§ What to work on
With pictures excluded, copy word for word the lines in the data below from the line containing "厦门市新荣腾水产技术开发有限公司(企业信用报告)- 天眼查" through the line containing "Phòng ngủ thiết".

§ Data extracts
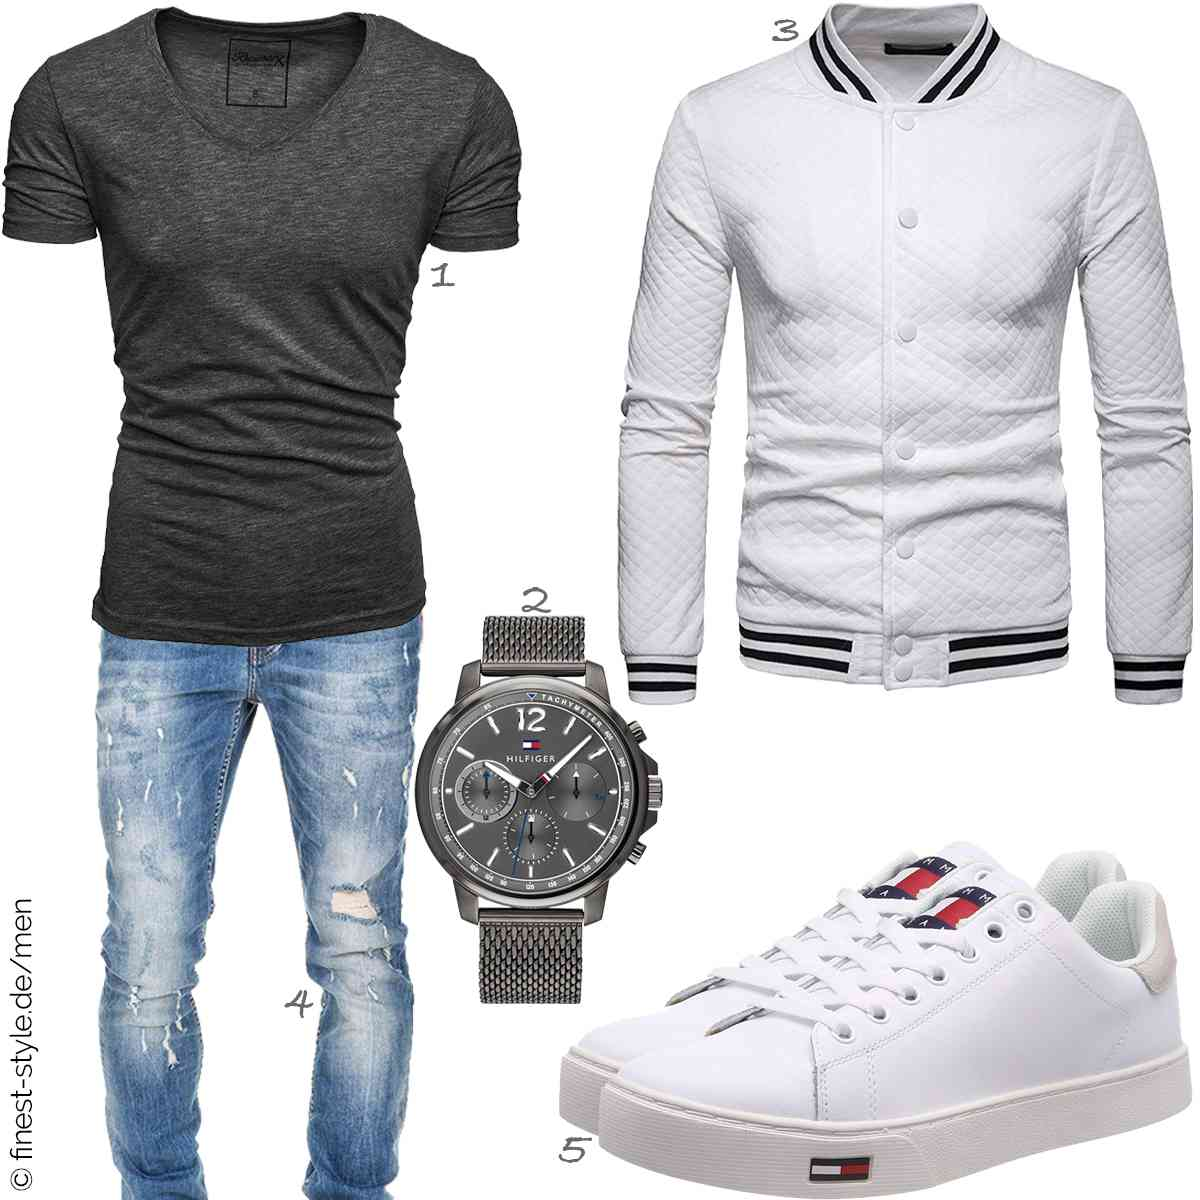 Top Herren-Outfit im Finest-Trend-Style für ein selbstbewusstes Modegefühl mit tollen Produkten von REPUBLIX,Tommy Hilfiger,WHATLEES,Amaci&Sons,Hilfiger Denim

...

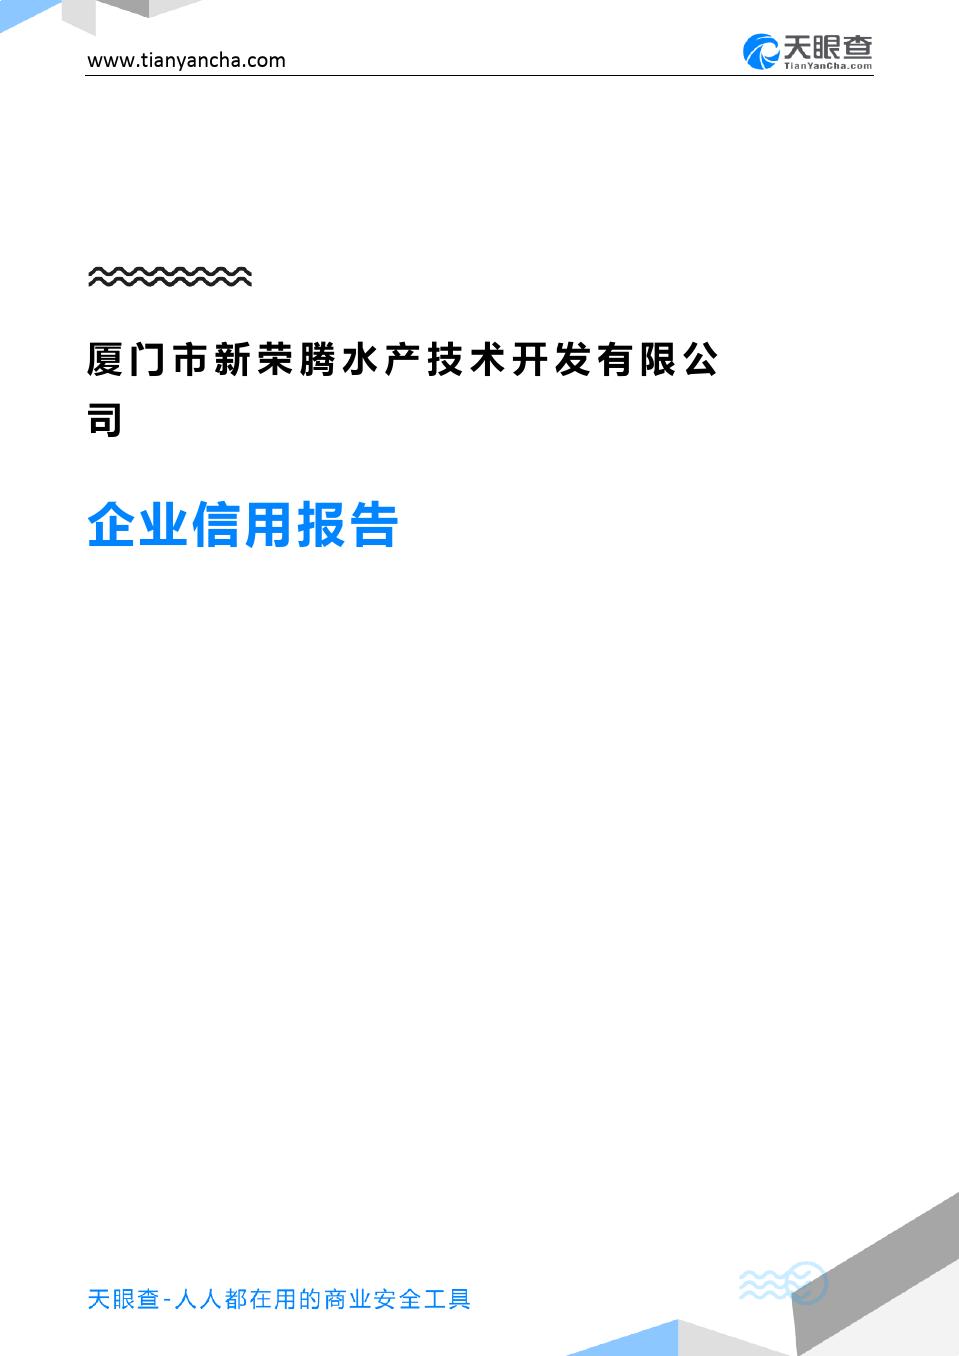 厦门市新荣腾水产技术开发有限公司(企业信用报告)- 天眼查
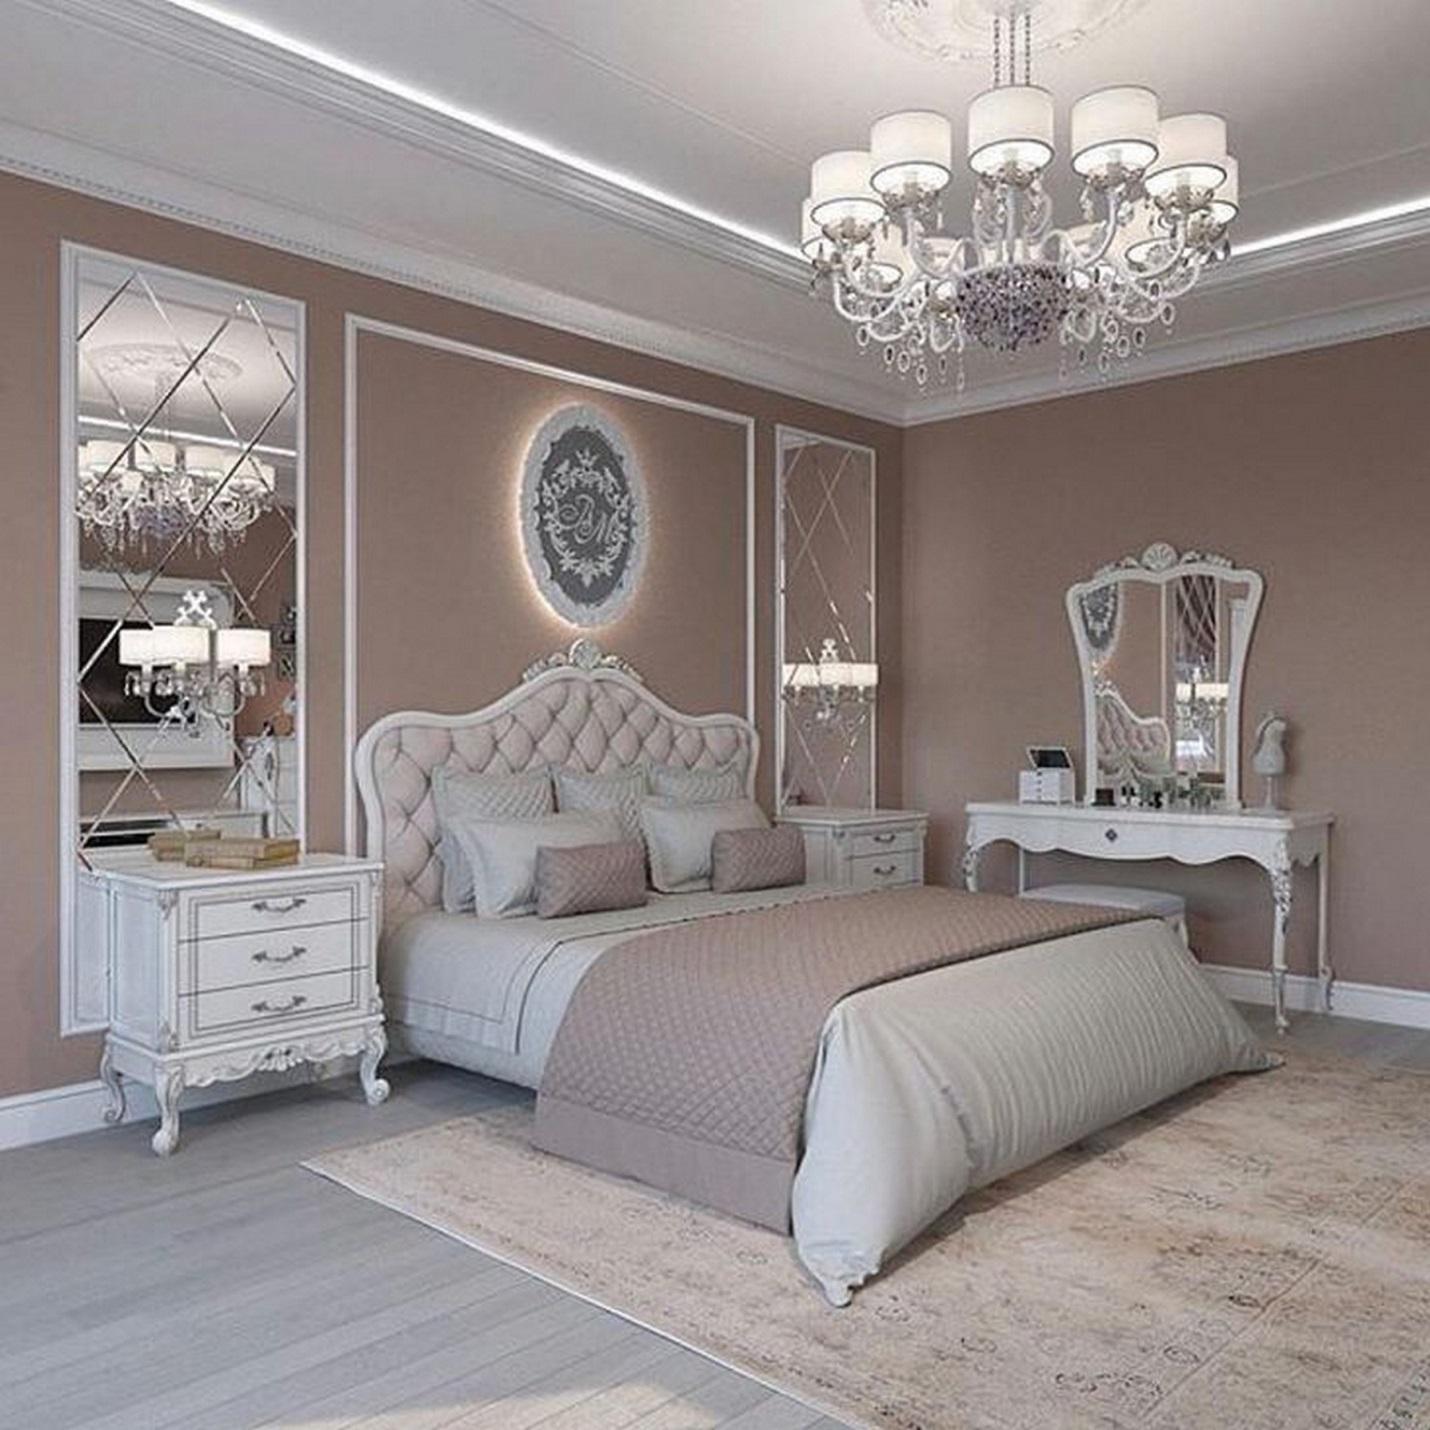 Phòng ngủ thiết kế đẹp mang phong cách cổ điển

...

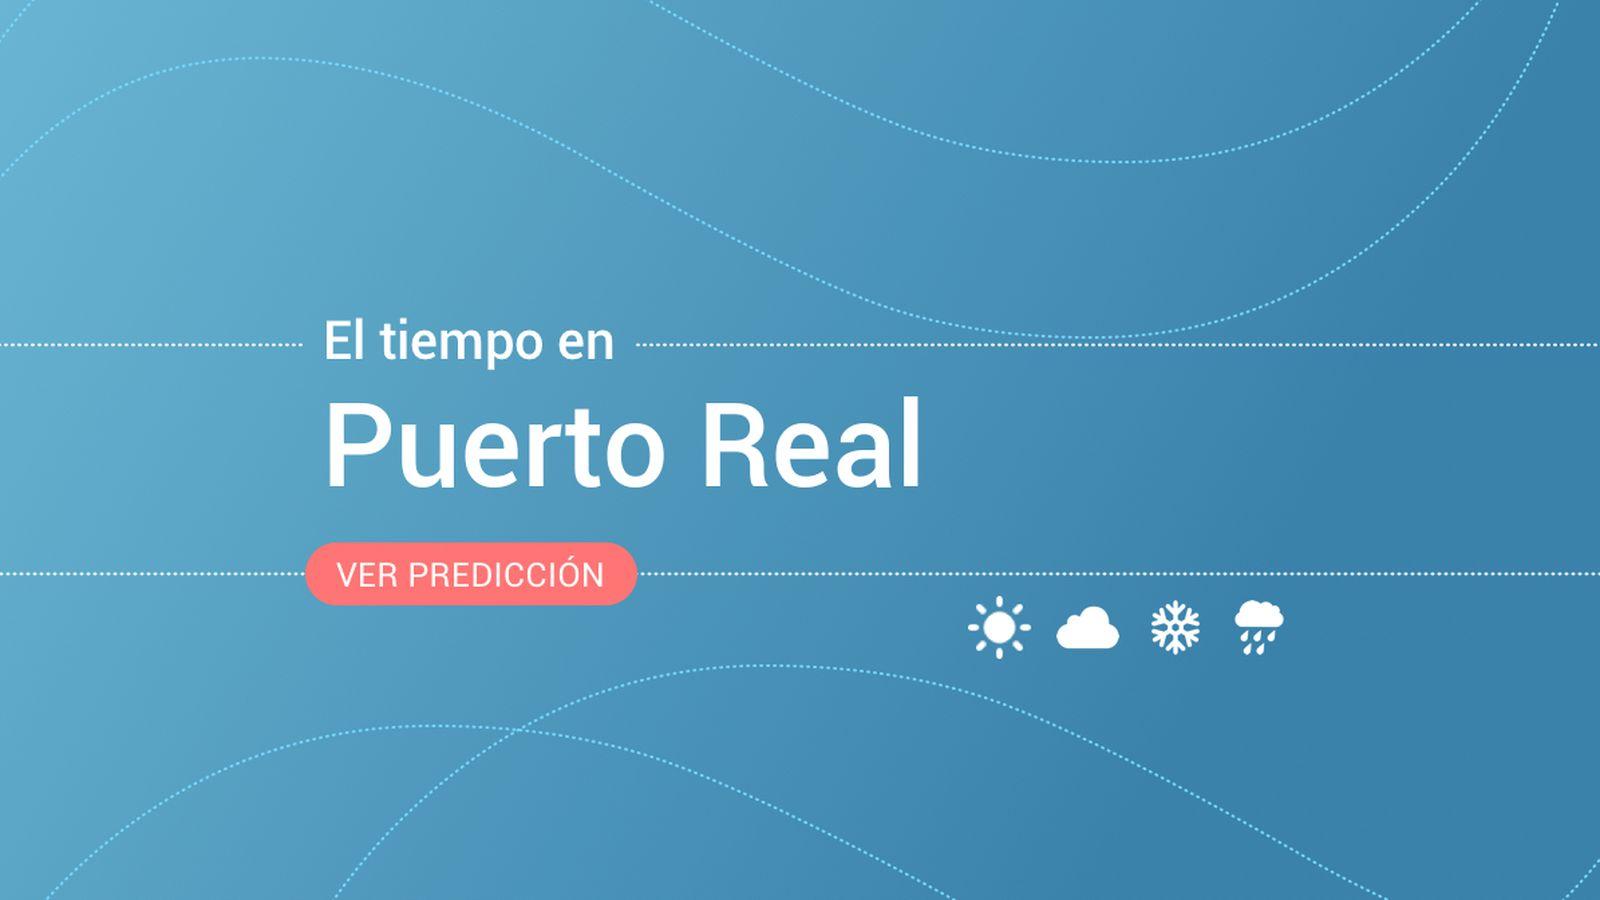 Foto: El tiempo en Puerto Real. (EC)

§ Expected output
 厦门市新荣腾水产技术开发有限公司(企业信用报告)- 天眼查
 Phòng ngủ thiết kế đẹp mang phong cách cổ điển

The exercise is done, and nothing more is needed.